Он подумал, что не все пошли за ним. В гнезде еще должны остаться совершенные. Община не убудет. Пожав плечами, Назгал развернулся и поковылял прочь. Некоторое время шел, переваливаясь с боку на бок. Идти быстро нет сил. Каждая встречная ветка стегала по красной коже, срывая лоскуты.
Боль оказалась не настолько приятной, как ожидал Назгал. Лучше уж совсем без боли. До гнезда несколько дней пути, очерченных красными лоскутами страданий. Именно болезненные ощущения вернули восприятие границ дня и ночи. Мир все же двигался, как бы не пытался не замечать этого Назгал.
Чтобы уменьшить боль, он вышел на тропинку. Грязь смачивала обожженные ступни, чуть снижала боль. Затем она засыхала и слезала с ожогов, прибирая следом целые лоскуты. Следом оставались кровавые, гнойные отметины в почве. С них со временем начали подниматься плесневелые волоски, закручивающиеся на концах в спирали.
Мир не отпускал его, хотел сделать своей частью. Исполнилась лишь одна мечта Назгала – убиты его люди. Он улыбнулся. Ведь добился того, что хотел. Нельзя говорить о произошедшем, как о поражении. Такое слово существует у обычных людей, оставшихся в собственных темницах.
Назгал свободен и освободил мир от десятка бесполезных существ.
С этой стороны зрения картина иная. Намного приятнее. Не потребовалось особых мысленных усилий, чтобы забыть о фактах.
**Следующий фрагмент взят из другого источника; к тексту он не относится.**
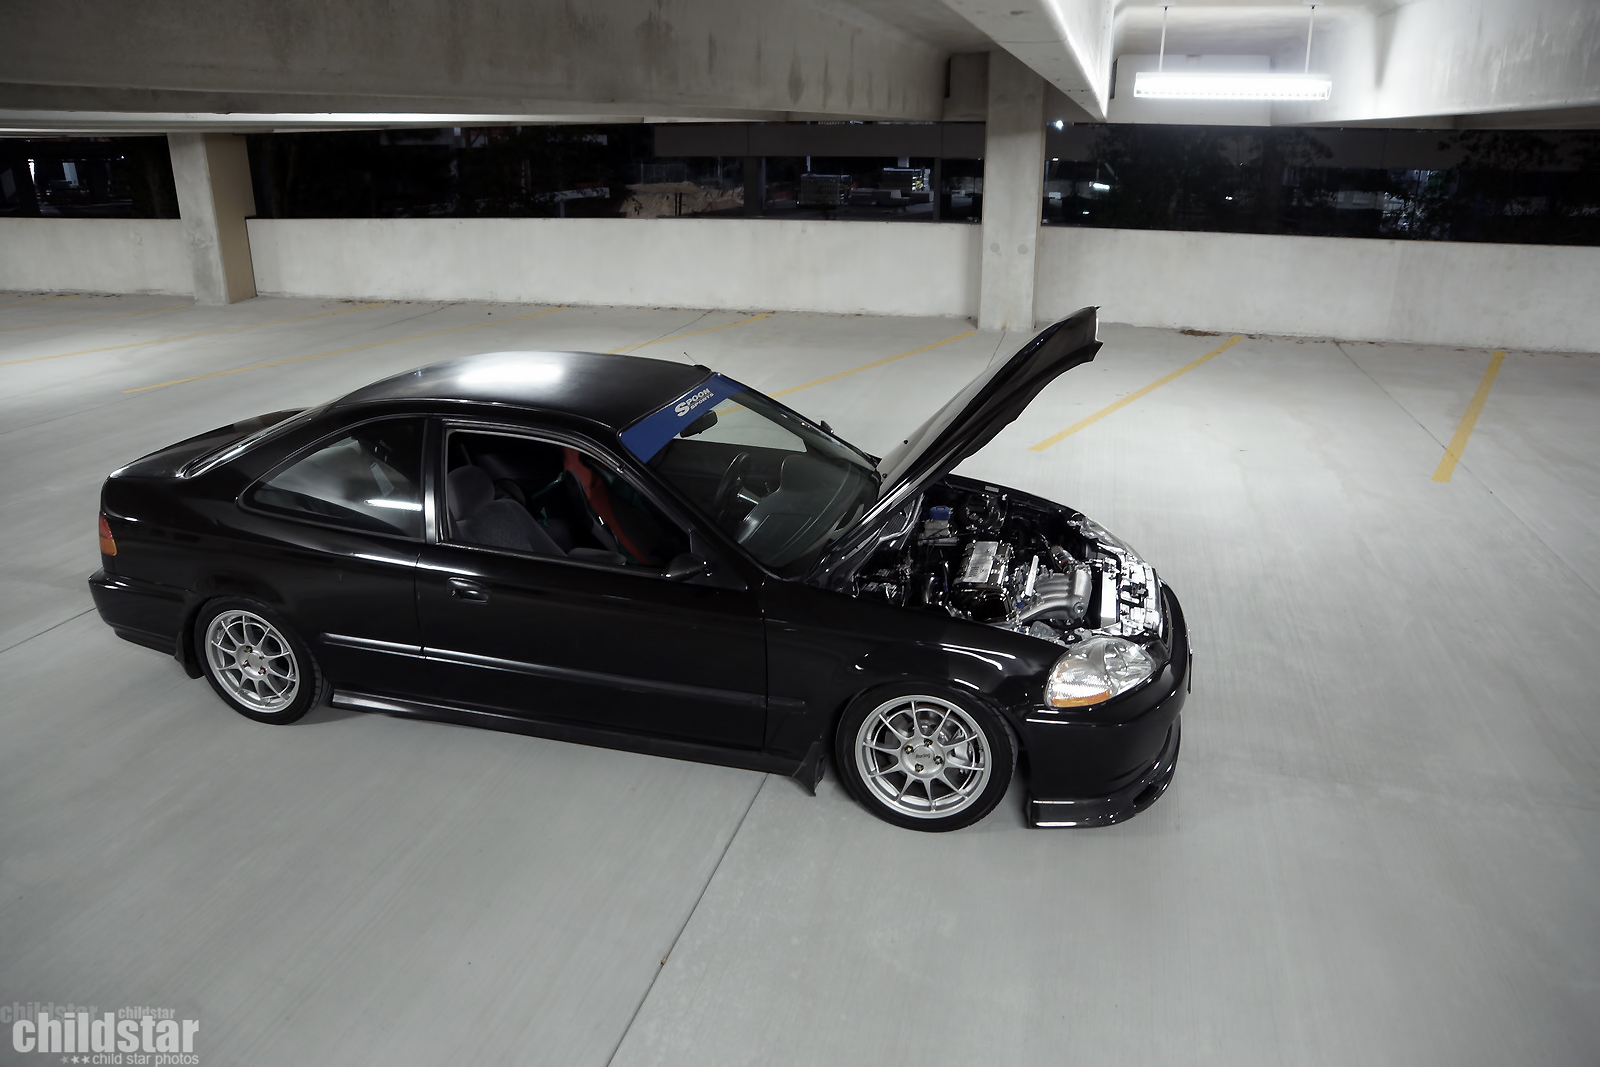 Honda Athens Ga >> **OFFICIAL ENKEI WHEELS THREAD (RPF1, 92, J-Speed, etc...)** - Page 195 - Honda-Tech - Honda ...

Нет. Убитые остались. Их тела все еще тлели под обломками частокола. Зато их смерть преобразилась. Вознеслась до небес, поскреблась когтями о трон Хранителя.
Сделанного не вернешь. И этого не требуется. Ведь план, замысел, идея – все успешно.
Назгал уже шел не пошатываясь, выпрямившись. Его руки поддерживали массивные бока, поглаживая отросшую грибницу. Оторванные кусочки неприятно покалывали обожженные ладони. Со временем жгутики восстановятся, тело станет совершенным.
Теперь он не пригибался. Груз воспоминаний не гнул его к земле. Назгал хотел утопить того мальчика, которым жил в зловонной жиже болот. Оставить его там, где родился. Ведь даже это тело не принадлежит ему, его родителям, общине, породившей его.
Шаг стал уверенным, размашистым. Ноги утопали в земле, оставляя глубокие впадины. Следы напоминали о прошедшем существе, похожем на диковинного монстра. Как след посланцев Хранителя, навеки запечатленный в камне. Глина усыхала, трескалась. Края вокруг следа осыпались, но сам он сохранялся.